Key words: fluid bed, granulation, dissolution efficiency, nimodipine, spironolactone
Over the last decade, there has been an increase in drugs with high lipophilicity and poor water-solubility. These physicochemical characteristics lead to problematic biopharmaceutical properties, such as slow or incomplete absorption, which may impair bioavailability. A drug must dissolve in physiological intestinal fluids and be adequately absorbed in order to result in successful clinical treatment (Murali Mohan Babu et al. 2002; Stegeman et al. 2007). Several attempts have been made to enhance dissolution profiles and, therefore, the absorption and bioavailability of water-insoluble drugs. The use of water-soluble salts and polymorphic forms, as well as the formation of water-soluble molecular complexes, drug micronization, solid dispersions, co-precipitation, microencapsulation, spray-drying and co-grinding of drugs with commonly used excipients are some of the formulation tools that have been observed to enhance the dissolution characteristics of water-insoluble drugs (Leuner and Dressman 2000; Vogt et al. 2008a; Vogt et al. 2008b; Fahmy and Kassem 2008).

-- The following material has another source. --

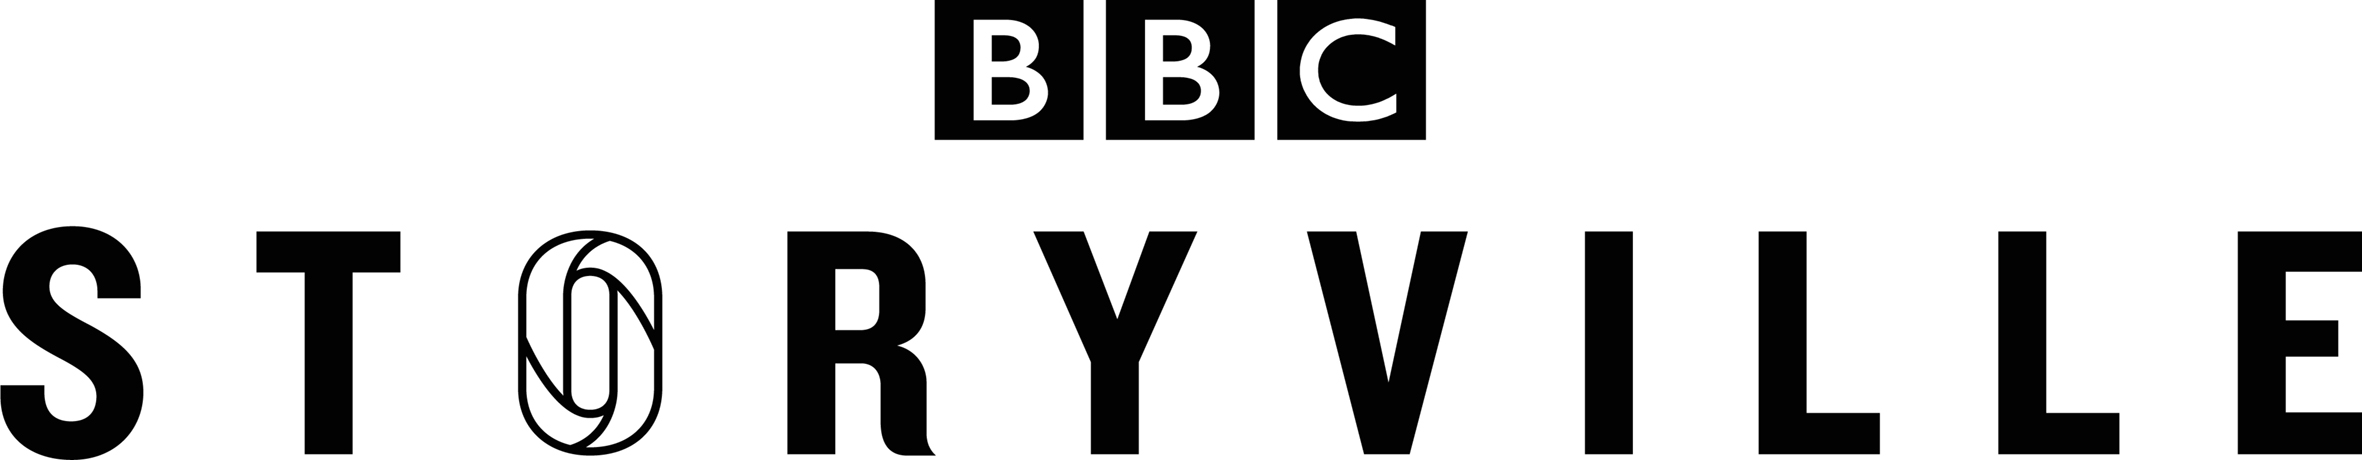 BBC Storyville logo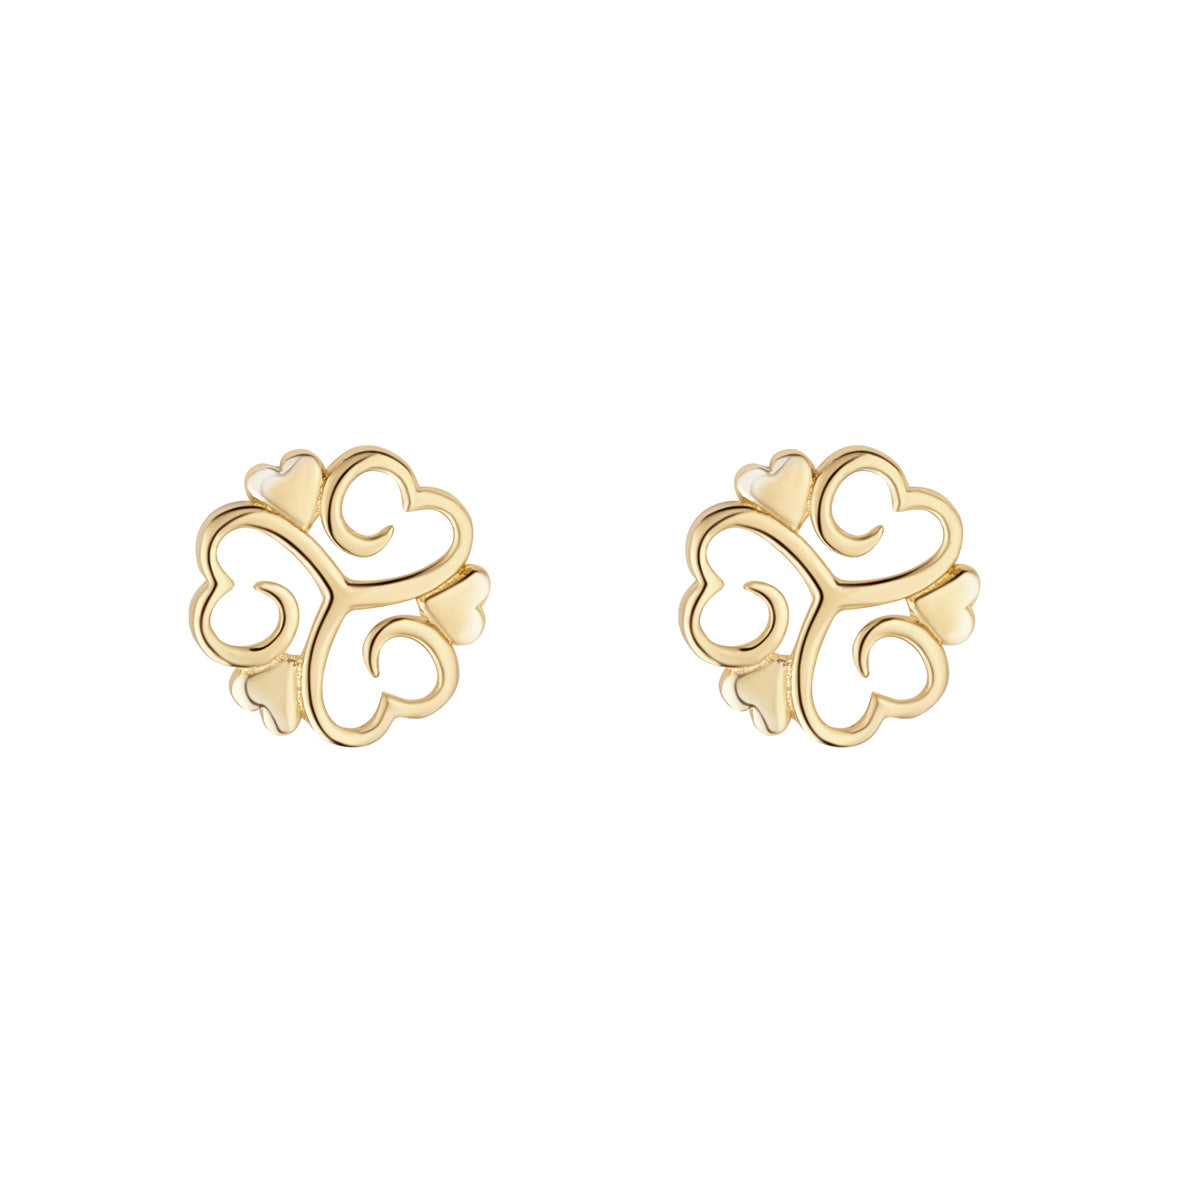 Stock image of Solvar fancy shamrock stud earrings s34204

The granulation process is a pharmaceutical operation that obtains large granules from fine powders with the aim of improving flowability, appearance, mixing properties and the physical and chemical properties of these powders. In tablet manufacturing, a continuous production line, including several operations like granulation, drying and coating, can be executed in fluid bed equipment (Tardos et al. 1997; Iveson et al. 2001; Vervaet and Remon 2005).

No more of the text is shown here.